» TASK BRIEF:
An exact transcription of every record is needed, leaving out the pictures.

(Stored data)
Segment Open
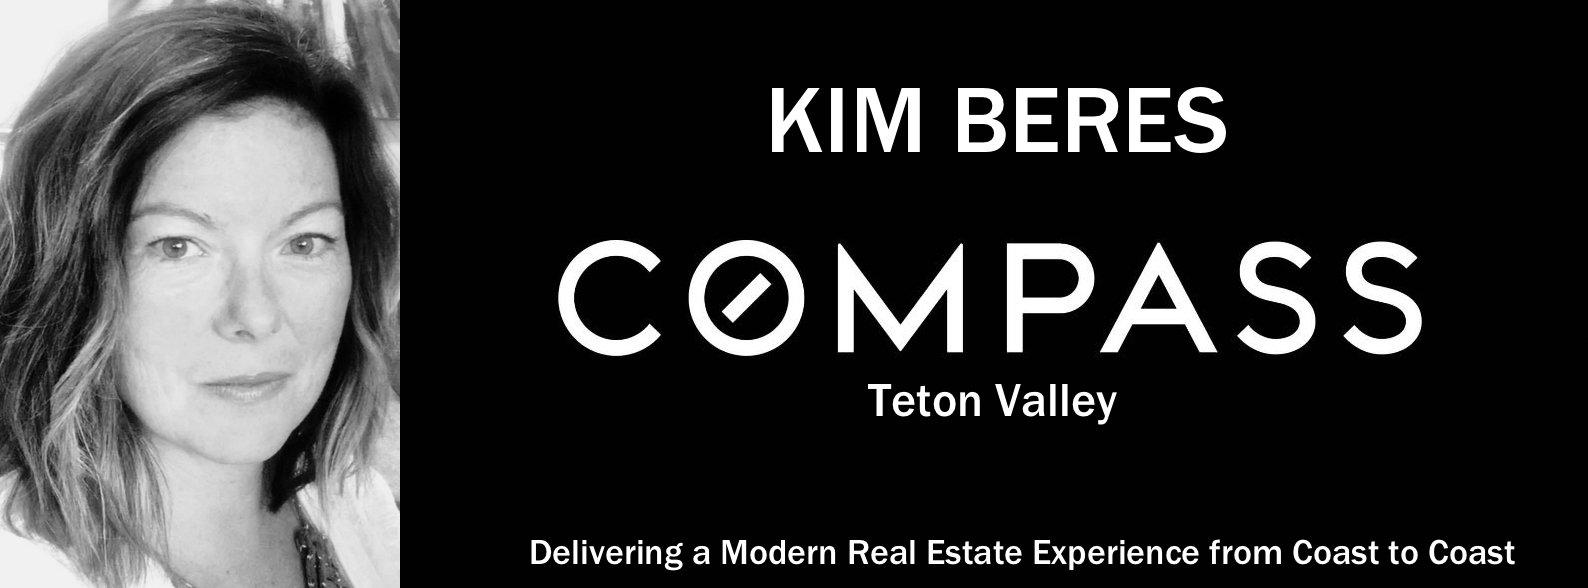 Compass Real Estate – Kim Beres
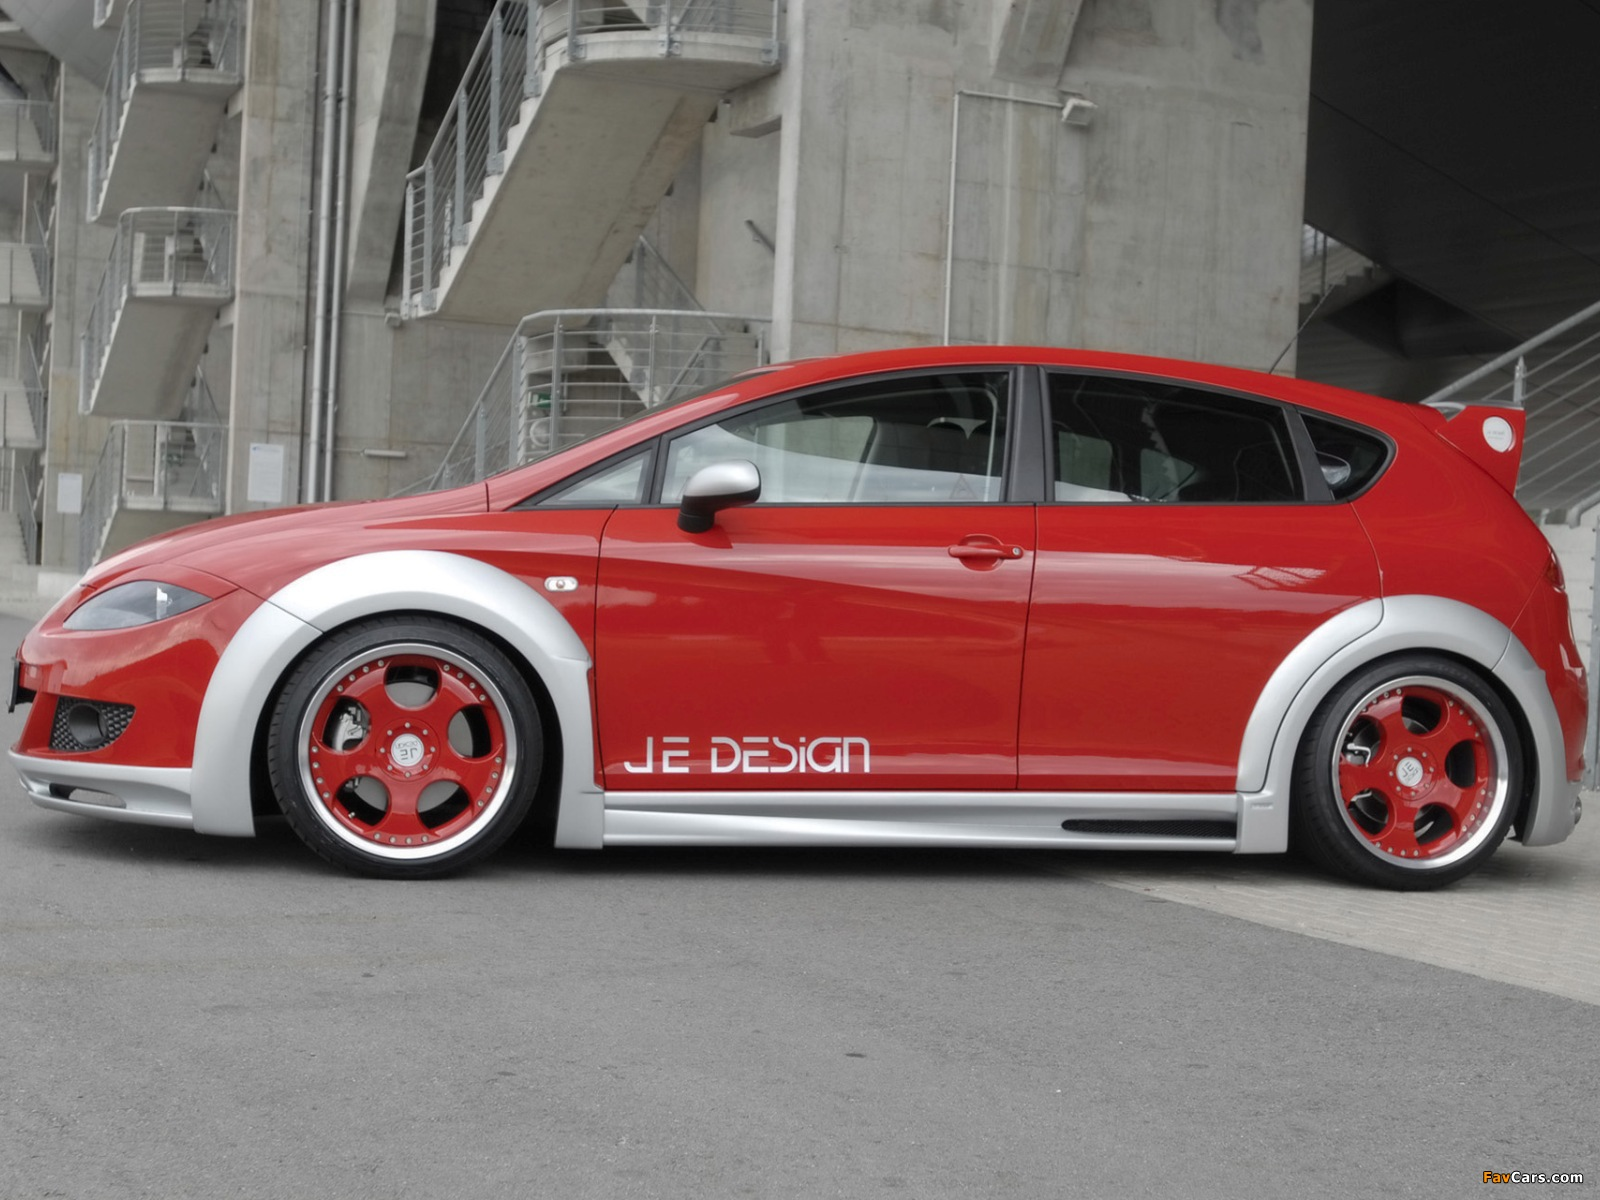 Je Design Seat Leon 2006 photos (1600 x 1200)
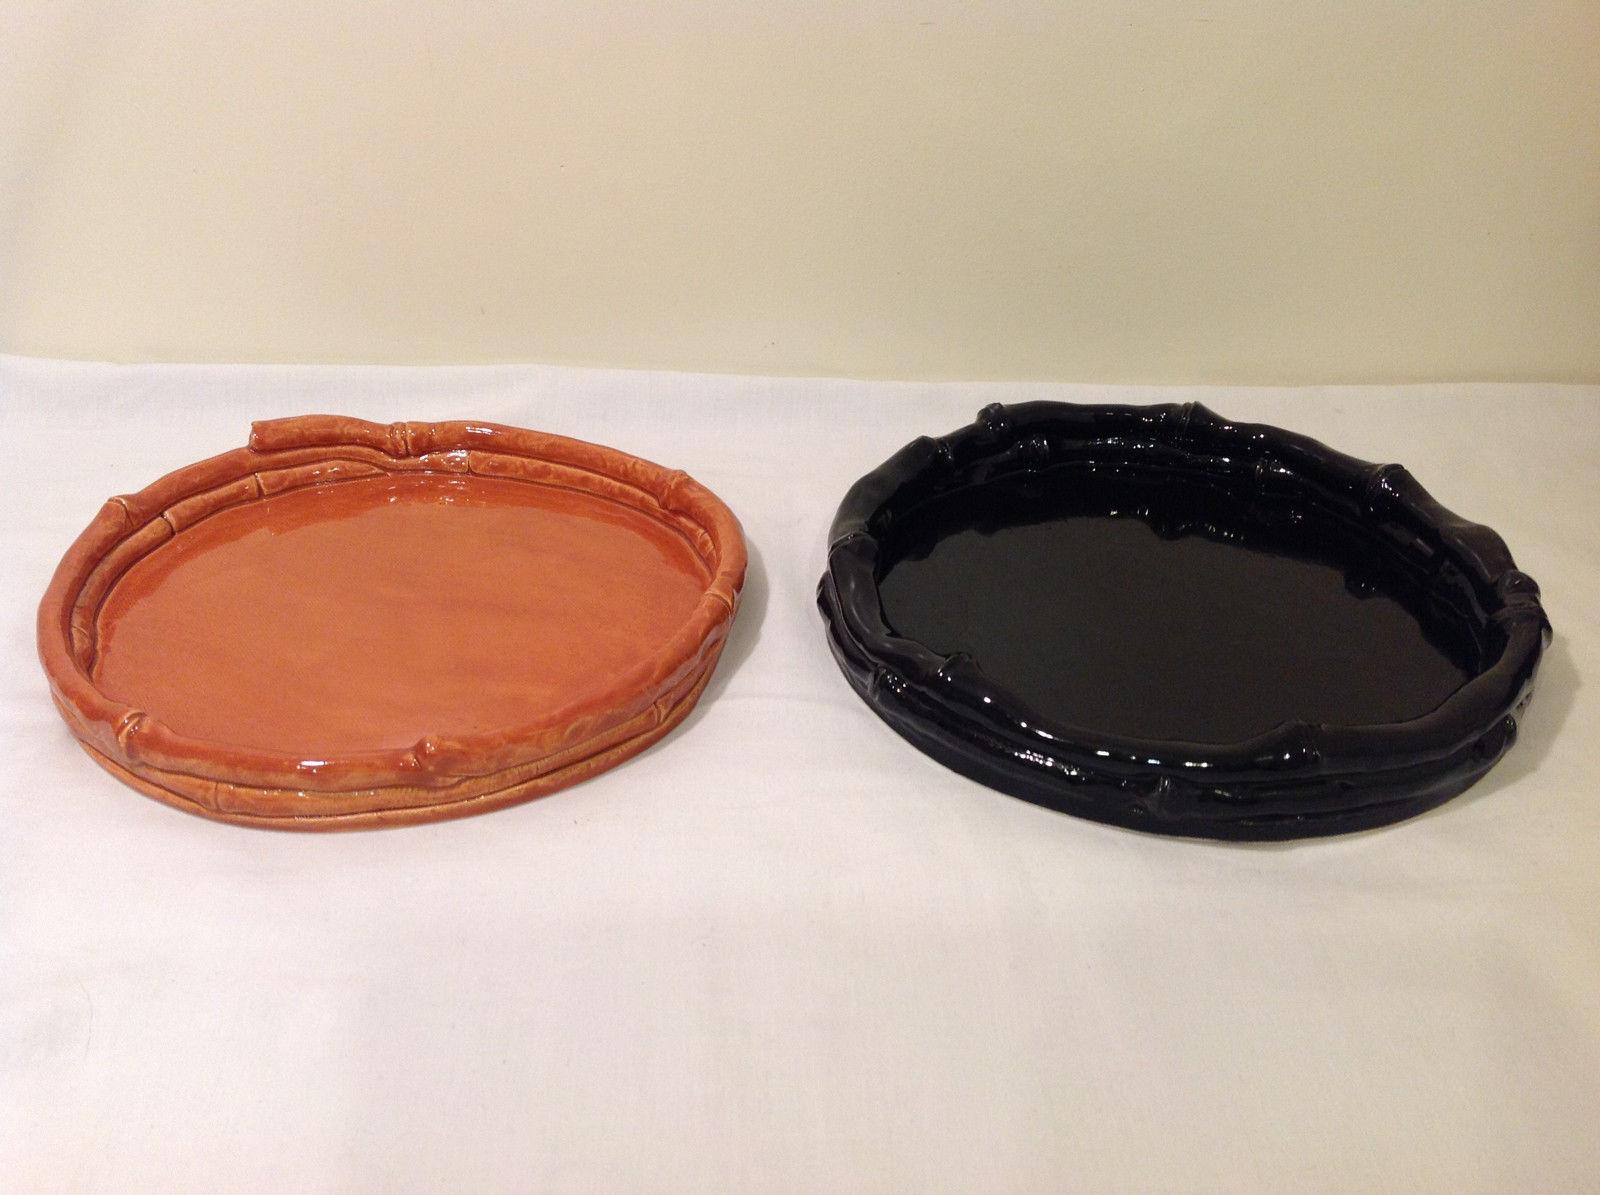 Round Tabletop Hand Made Zen Garden Dish or Plant Pot Saucer Tray Bamboo design
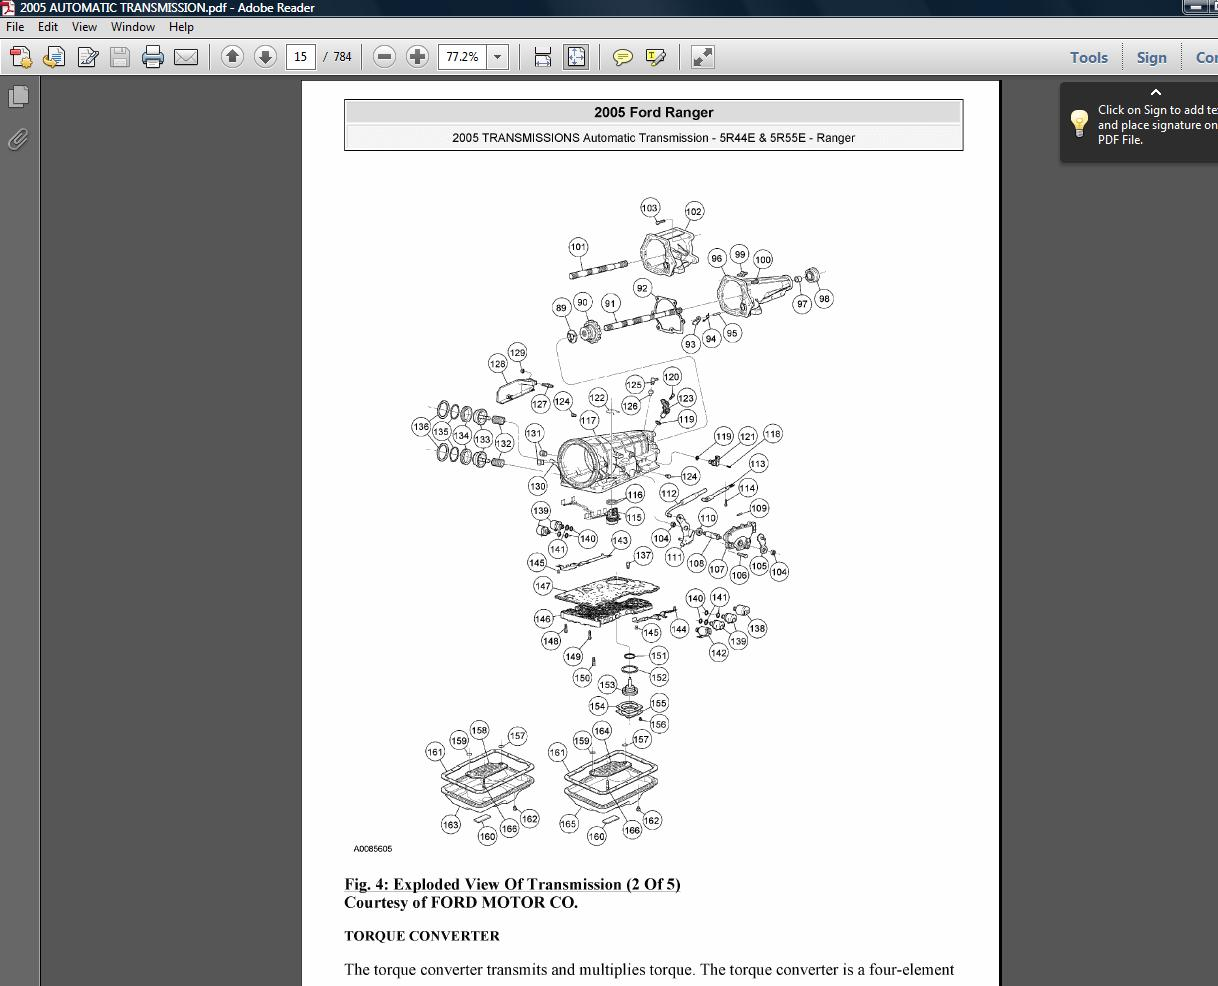 medium resolution of 2001 02 03 04 05 06 07 08 5r44e 5r55e ford ranger automatic transmission pdf manual download
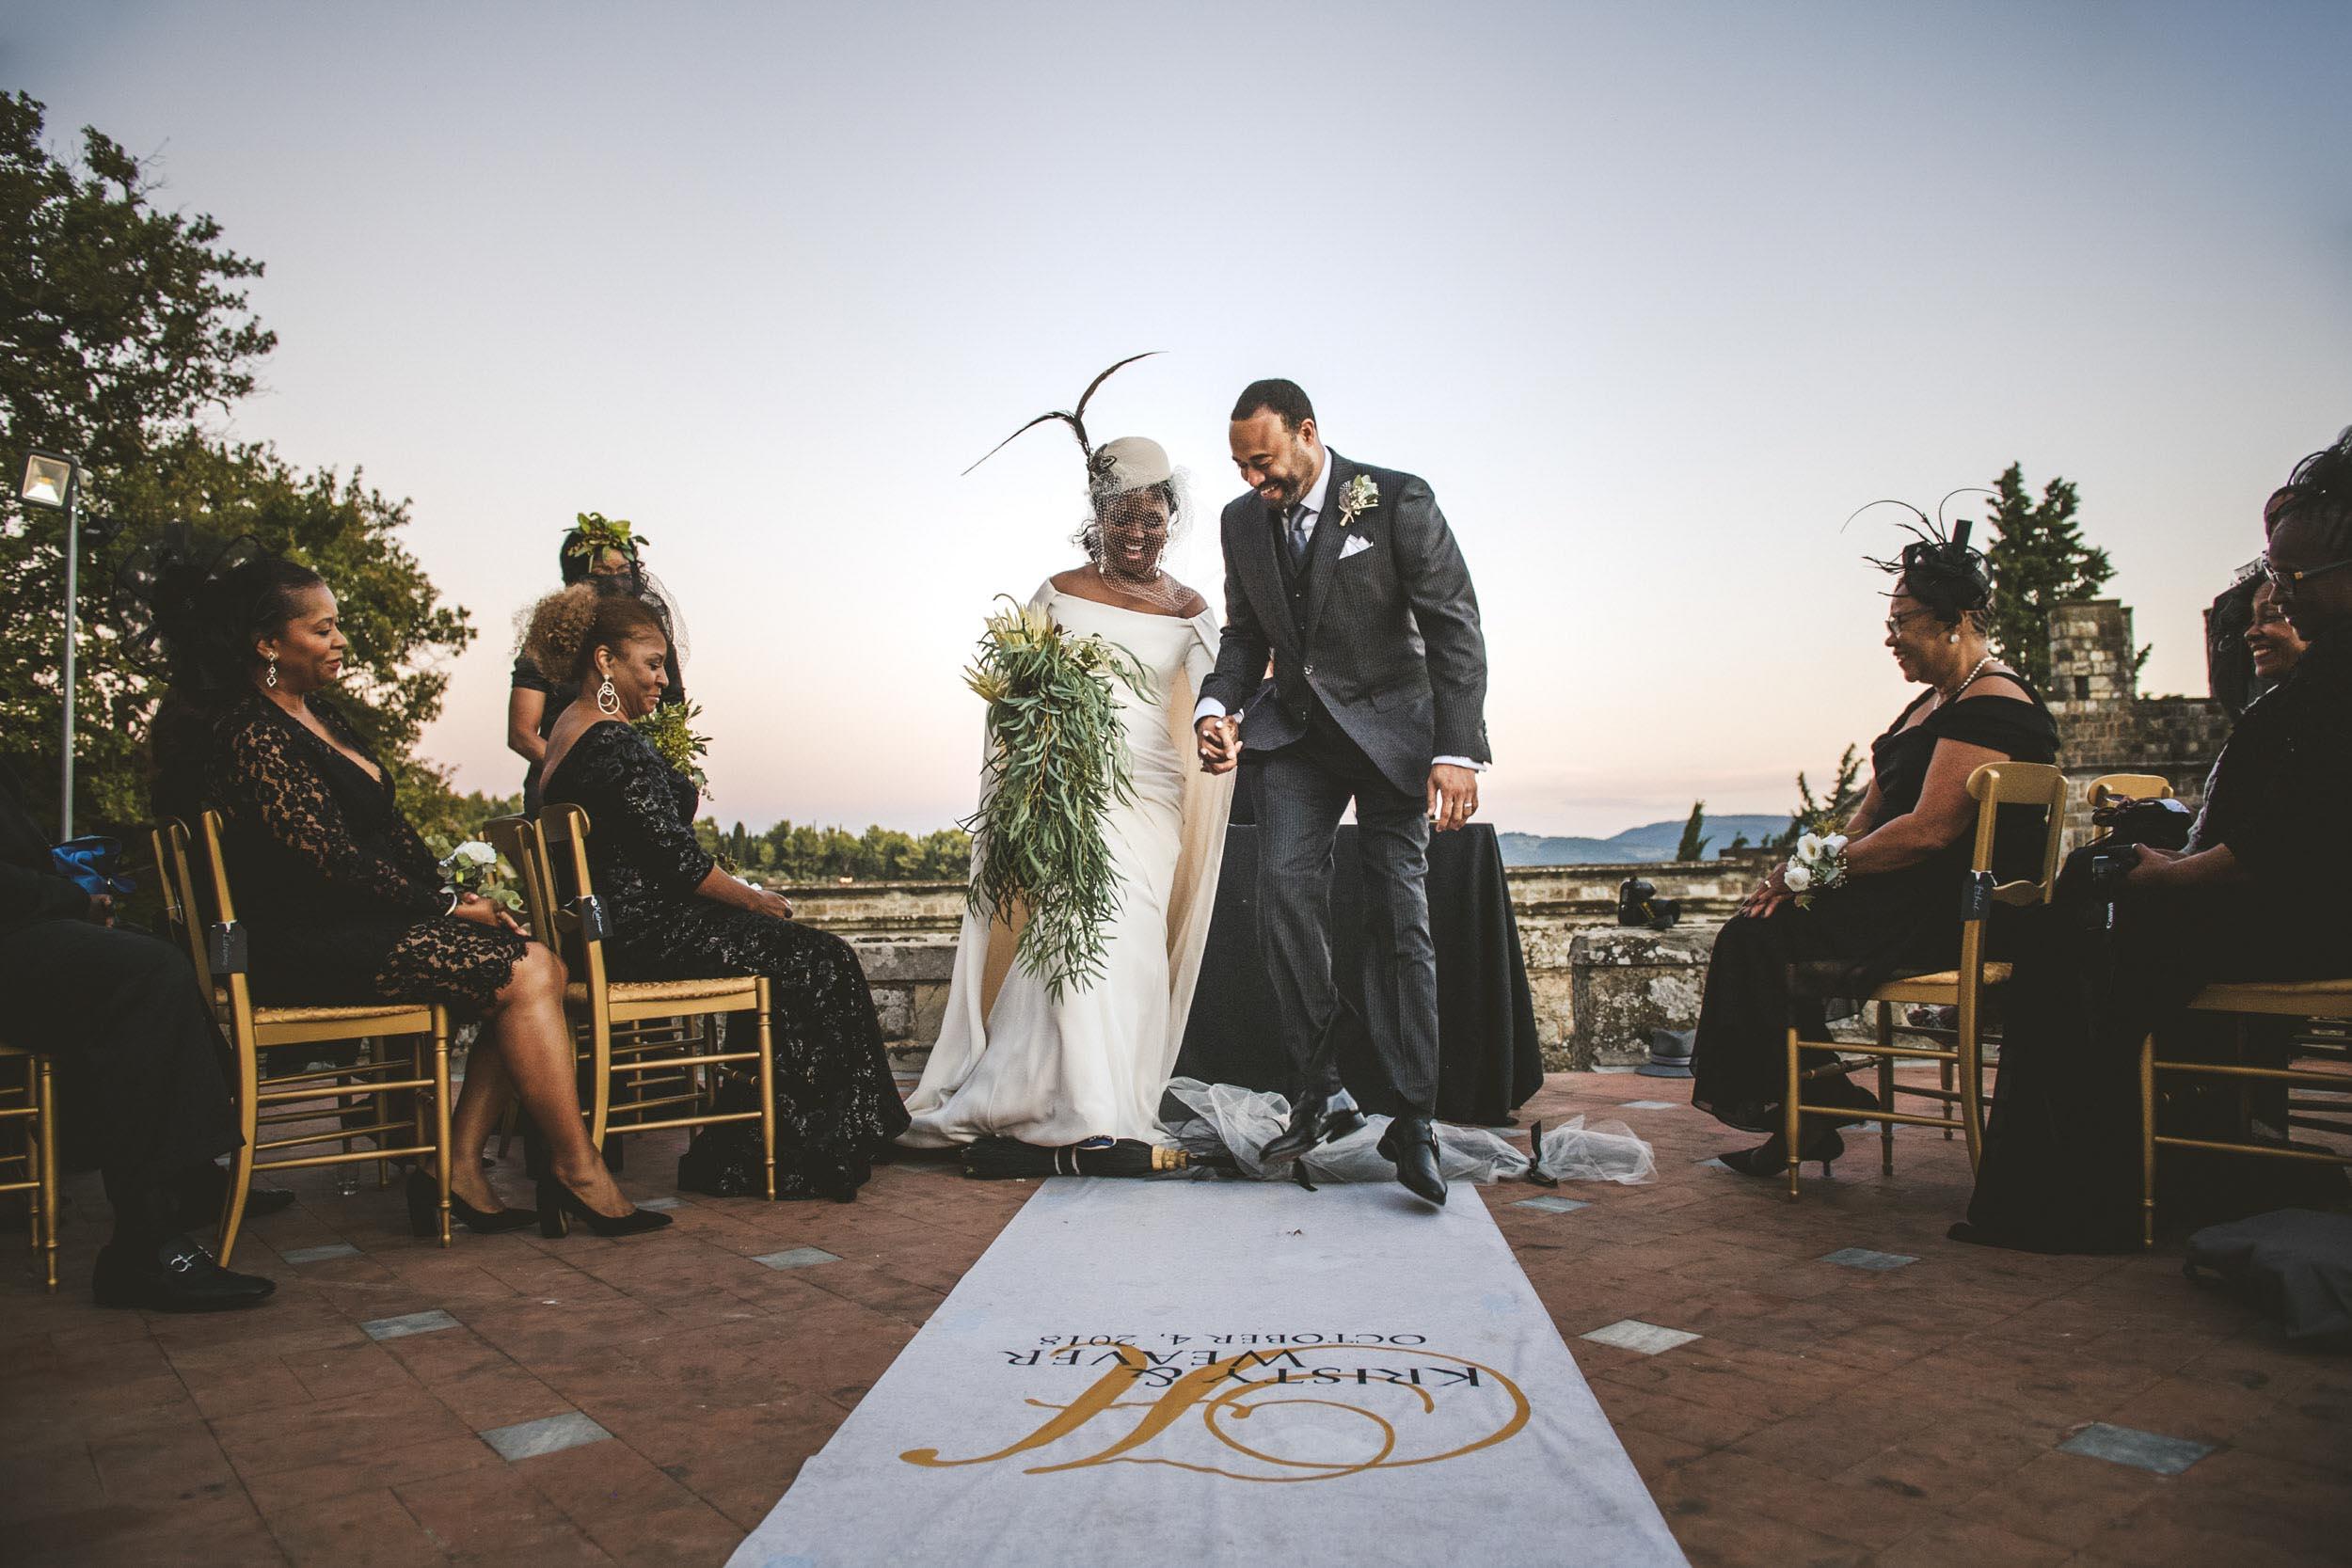 DESTINATION WEDDING IN TUSCANY   ♥ Kristy + Weaver ♥
Segment Closed
» SOLUTION FOR THIS TASK:
 Compass Real Estate – Kim Beres
 Je Design Seat Leon 2006 photos (1600 x 1200)
 Round Tabletop Hand Made Zen Garden Dish or Plant Pot Saucer Tray Bamboo design
 medium resolution of 2001 02 03 04 05 06 07 08 5r44e 5r55e ford ranger automatic transmission pdf manual download
 DESTINATION WEDDING IN TUSCANY   ♥ Kristy + Weaver ♥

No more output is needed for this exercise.